Inside, two boys bled in the sawdust and dirt at the feet of a nigger woman holding a blood-soaked

child to her chest with one hand and an infant by the heels in the other. She did not look at them; she

simply swung the baby toward the wall planks, missed and tried to connect a second time, when out of

nowhere—in the ticking time the men spent staring at what there was to stare at—the old nigger boy, still

mewing, ran through the door behind them and snatched the baby from the arch of its mother's swing.

Right off it was clear, to schoolteacher especially, that there was nothing there to claim. The three

(now four-because she'd had the one coming when she cut) pickaninnies they had hoped were alive and

well enough to take back to Kentucky, take back and raise properly to do the work Sweet Home

desperately needed, were not. Two were lying open-eyed in sawdust; a third pumped blood down the dress

of the main one—the woman schoolteacher bragged about, the one he said made fine ink, damn good

soup, pressed his collars the way he liked besides having at least ten breeding years left. But now she'd

gone wild, due to the mishandling of the nephew who'd overbeat her and made her cut and run.

Schoolteacher had chastised that nephew, telling him to think—just think—what would his own horse do

if you beat it beyond the point of education. Or Chipper, or Samson. Suppose you beat the hounds past

that point thataway. Never again could you trust them in the woods or anywhere else. You'd be feeding

them maybe, holding out a piece of rabbit in your hand, and the animal would revert—bite your hand

clean off. So he punished that nephew by not letting him come on the hunt. Made him stay there, feed

stock, feed himself, feed Lillian, tend crops. See how he liked it; see what happened when you overbeat

creatures God had given you the responsibility of—the trouble it was, and the loss. The whole lot was lost

now. Five. He could claim the baby struggling in the arms of the mewing old man, but who'd tend her?

Because the woman—something was wrong with her. She was looking at him now, and if his other

nephew could see that look he would learn the lesson for sure: you just can't mishandle creatures and

expect success.

The nephew, the one who had nursed her while his brother held her down, didn't know he was

shaking. His uncle had warned him against that kind of confusion, but the warning didn't seem to be

taking. What she go and do that for? On account of a beating? Hell, he'd been beat a million times and he

was white. Once it hurt so bad and made him so mad he'd smashed the well bucket. Another time he took

it out on Samson—a few tossed rocks was all. But no beating ever made him...I mean no way he could

have...What she go and do that for? And that is what he asked the sheriff, who was standing there amazed

like the rest of them, but not shaking. He was swallowing hard, over and over again. "What she want to go

and do that for?"

The sheriff turned, then said to the other three, "You all better go on. look like your business is over.

Mine's started now."

Schoolteacher beat his hat against his thigh and spit before leaving the woodshed. Nephew and the

catcher backed out with him. They didn't look at the woman in the pepper plants with the flower in her

hat. And they didn't look at the seven or so faces that had edged closer in spite of the catcher's rifle

warning. Enough nigger eyes for now. Little nigger-boy eyes open in sawdust; little nigger-girl eyes

staring between the wet fingers that held her face so her head wouldn't fall off; little nigger-baby eyes

crinkling up to cry in the arms of the old nigger whose own eyes were nothing but slivers looking down at

his feet. But the worst ones were those of the nigger woman who looked like she didn't have any. Since

the whites in them had disappeared and since they were as black as her skin, she looked blind.

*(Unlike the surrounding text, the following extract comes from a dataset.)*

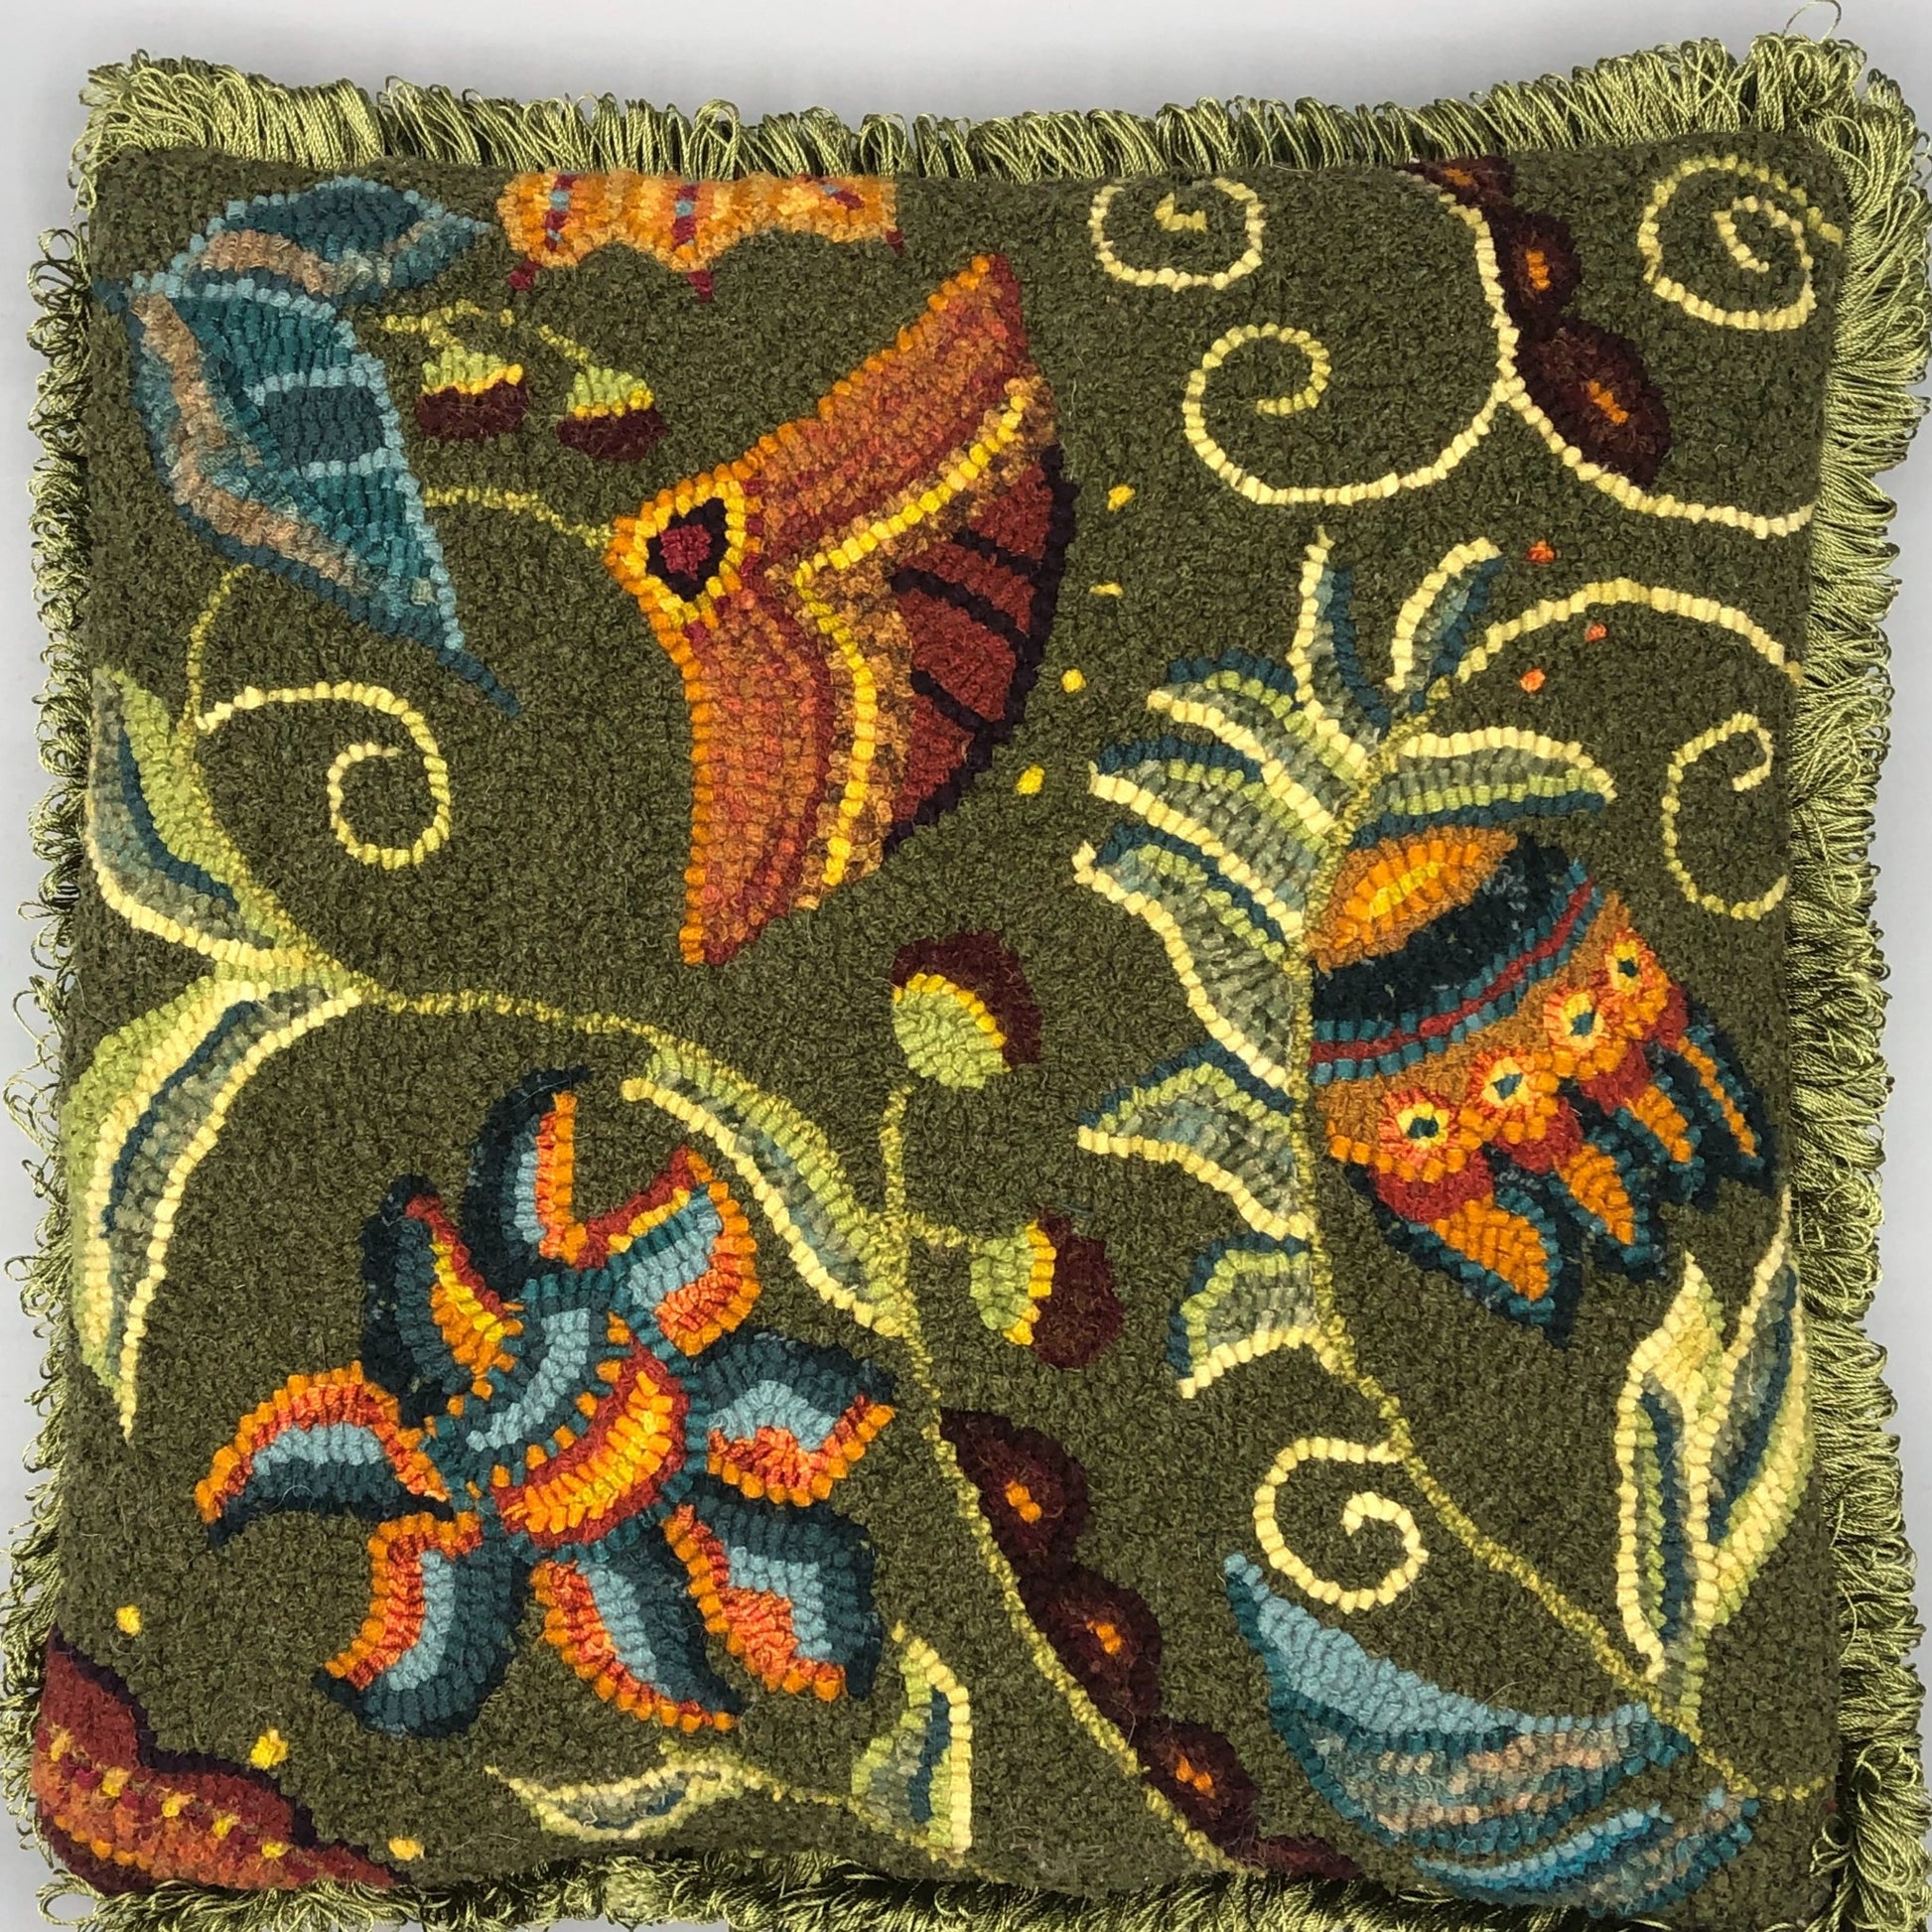 Awakening 1414 -Rug Hooking Pattern on Linen, By Orphaned Wool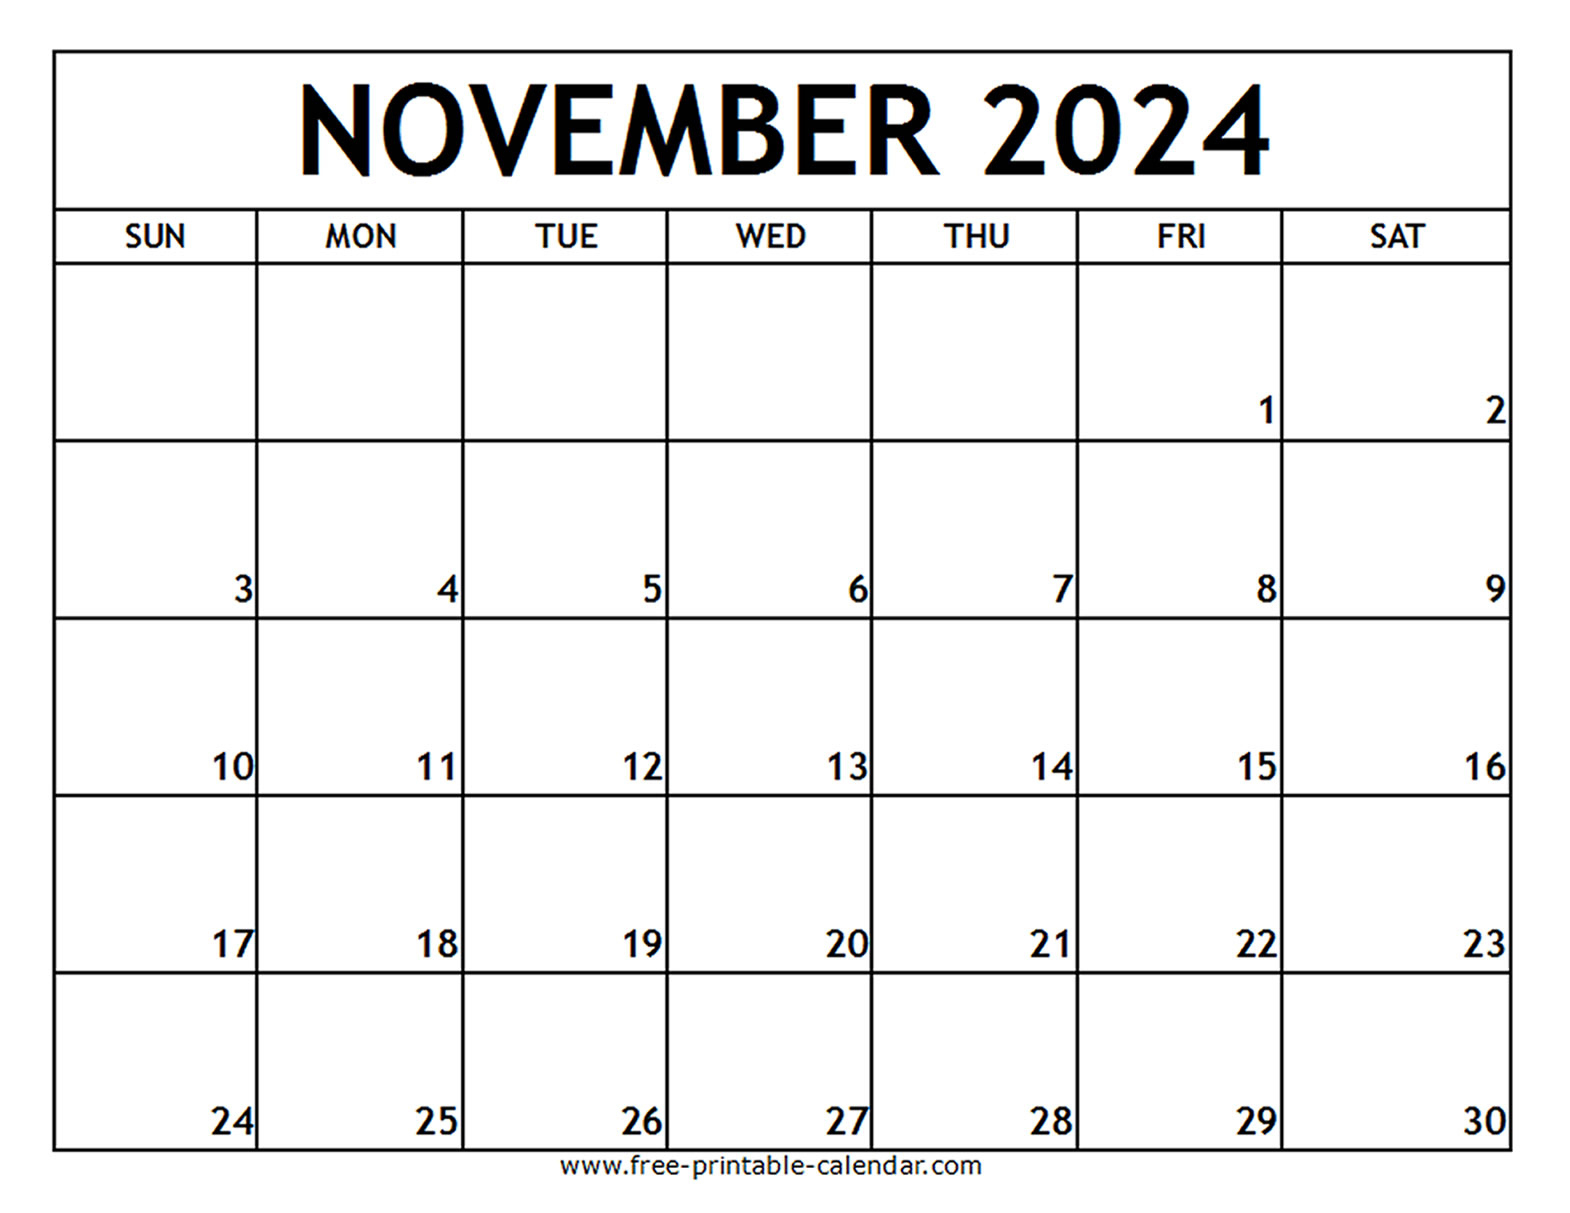 November 2024 Printable Calendar - Free-Printable-Calendar | Printable Calendar 2024 November

They unhitched from schoolteacher's horse the borrowed mule that was to carry the fugitive woman

back to where she belonged, and tied it to the fence. Then, with the sun straight up over their heads, they

trotted off, leaving the sheriff behind among the damnedest bunch of coons they'd ever seen. All

testimony to the results of a little so-called freedom imposed on people who needed every care and

guidance in the world to keep them from the cannibal life they preferred.

The sheriff wanted to back out too. To stand in the sunlight outside of that place meant for housing

wood, coal, kerosene—fuel for cold Ohio winters, which he thought of now, while resisting the urge to

run into the August sunlight. Not because he was afraid. Not at all. He was just cold. And he didn't want

to touch anything. The baby in the old man's arms was crying, and the woman's eyes with no whites were

gazing straight ahead. They all might have remained that way, frozen till Thursday, except one of the boys

on the floor sighed. As if he were sunk in the pleasure of a deep sweet sleep, he sighed the sigh that flung

the sheriff into action.

"I'll have to take you in. No trouble now. You've done enough to last you. Come on now."

She did not move.

"You come quiet, hear, and I won't have to tie you up."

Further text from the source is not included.